Symptoms of tachycardia
Its symptoms include:
- dizziness and lightheadedness
- breathlessness or chest pain
- fluttering in the chest
- sudden weakness
- fainting or nearly fainting
Symptoms of bradycardia
Its symptoms include:
- dizziness and confusion
- trouble in concentrating
- finding exercise more difficult than usual
- shortness of breath
- profuse sweating
- trouble concentrating
- angina or chest pain
- palpitations or tiredness
Symptoms of A-fib
When its symptoms occur, they often have fast hart beat and may involve:
- breathlessness or palpitations
- dizziness and weakness
- fainting or about to faint
- angina or chest pain
How do you fix irregular heartbeat?
The treatment of an irregular heartbeat depends on its cause. You may need to make some lifestyle changes, such as increasing your activity levels and changing your diet. If you smoke, your health care professional will help you quit smoking.
You may also require specific medications to control your abnormal heartbeat and secondary symptoms. For severe abnormalities that do not fade away with behavioral changes and drugs, your health care professional can recommend:
- catheter ablation to destroy tissue that may cause abnormal rhythms
- cardiac catheterization to diagnose a heart problem
- surgery to correct an abnormality
- implantation of a pacemaker or cardioverter-defibrillator
- cardioversion by drugs or an electrical shock to the heart
An expert grafts arteries from elsewhere in the body onto the coronary arteries. It helps the circulation bypass regions that improve the blood supply to your heart.

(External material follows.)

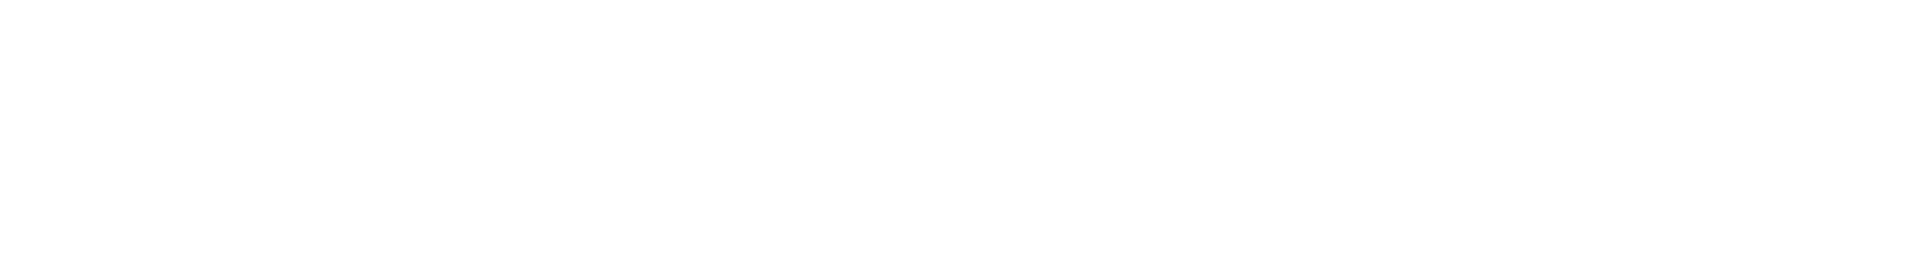 Vagelos Molecular Life Sciences Program

Drugs used to treat irregular heartbeat depend on your arrhythmia type. For instance, medications to control the heartbeat and restore a normal heart rhythm are often prescribed for most people with tachycardia. If you are suffering from arterial fibrillation, blood thinners may recommend preventing blood clots. It is essential to take the drugs exactly as prescribed by your healthcare professional to reduce the risk of complications.
Although irregular heartbeat can be quite severe, many cases can be controlled with the proper treatment. Along with the treatment, your health care professional will want to monitor your conditions with regular appointments.